サービス面でマスク氏がまず打ち出したのが、「認証済みバッジ」の有料化だ。

 ツイッターはこれまで、著名人や政治家、ジャーナリストらによる申請に基づいて、アカウントが本人のものであることを示す認証バッジを無料で提供してきた。アカウント名の横についている青いチェックマークのことだ。マスク氏はこの認証バッジを月額7.99ドル(約1100円)の有料サービス「ツイッターブルー」の一部に含め、お金を払えば誰でも認証バッジが手に入るようにした。
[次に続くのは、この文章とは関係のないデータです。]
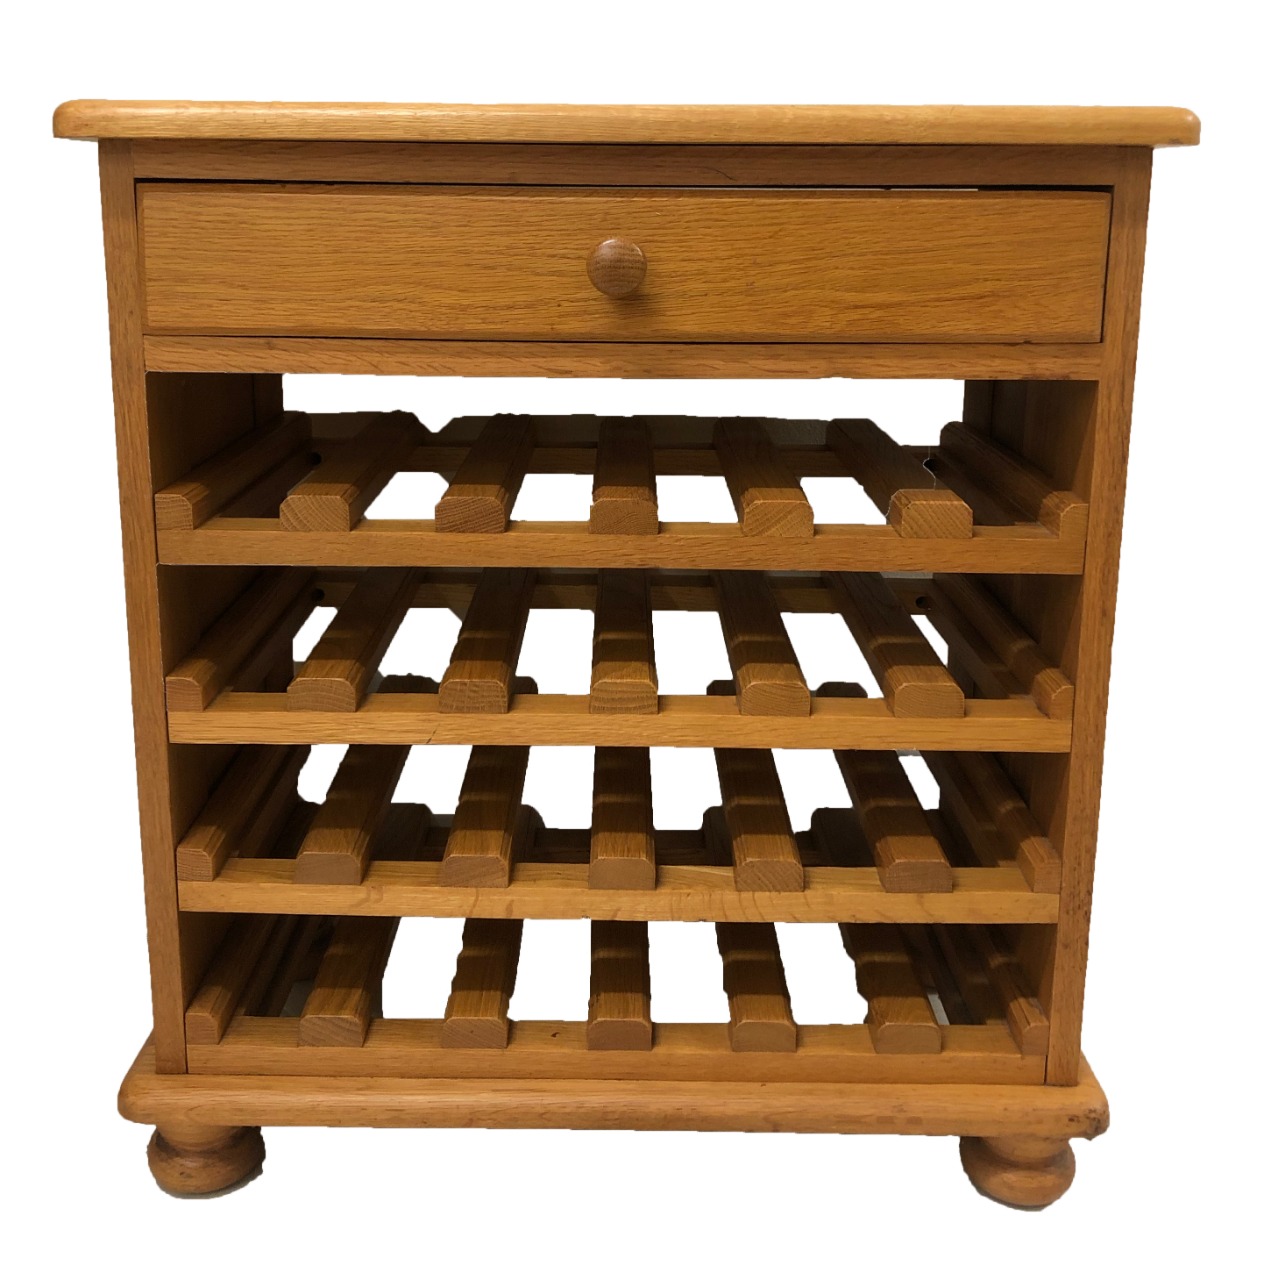 Wooden 24 Place Wine Rack for Sale!

 マスク氏がツイッターを総額440億ドル(約6.1兆円)で買収した際、金融機関からの借り入れが130億ドルにのぼり、その金利の支払いだけで年間10億ドルを超えるとされる。ツイッターは過去10年間で黒字化したのは2年しかなく、昨年まで2年連続の赤字。経営を立て直すためには、売り上げ増やコストカットが急務となっている。米ネットメディア「ジ・インフォメーション」は11月、マスク氏が従業員との会合で、来年のキャッシュフローが数十億ドルのマイナスになるとしたうえで、支出を上回るお金が確保できなければ、「破綻もありうる」と言及したと報じた。

■「トランプは復活する」

 だが、米中間選挙後に有料化を始めた直後から、トランプ前米大統領ら著名人などになりすました認証バッジ付きのアカウントが増加する。ゲーム大手の任天堂になりすましたアカウントでは、マリオが中指を立てた画像が投稿された。開始から数日後、マスク氏は認証マークの有料化を一時停止し、方針転換を迫られた。

 ツイッターの先行きへの不安から、大手広告主が広告を止める動きも広がった。米メディアによると、米自動車大手ゼネラル・モーターズ(GM)や独フォルクスワーゲン、米製薬大手ファイザーなどがツイッターへの広告出稿を一時的に止めた。

 最も注目されていた判断が、昨年1月の米議会襲撃事件後に「永久凍結」されていた、トランプ氏のアカウントの扱いだ。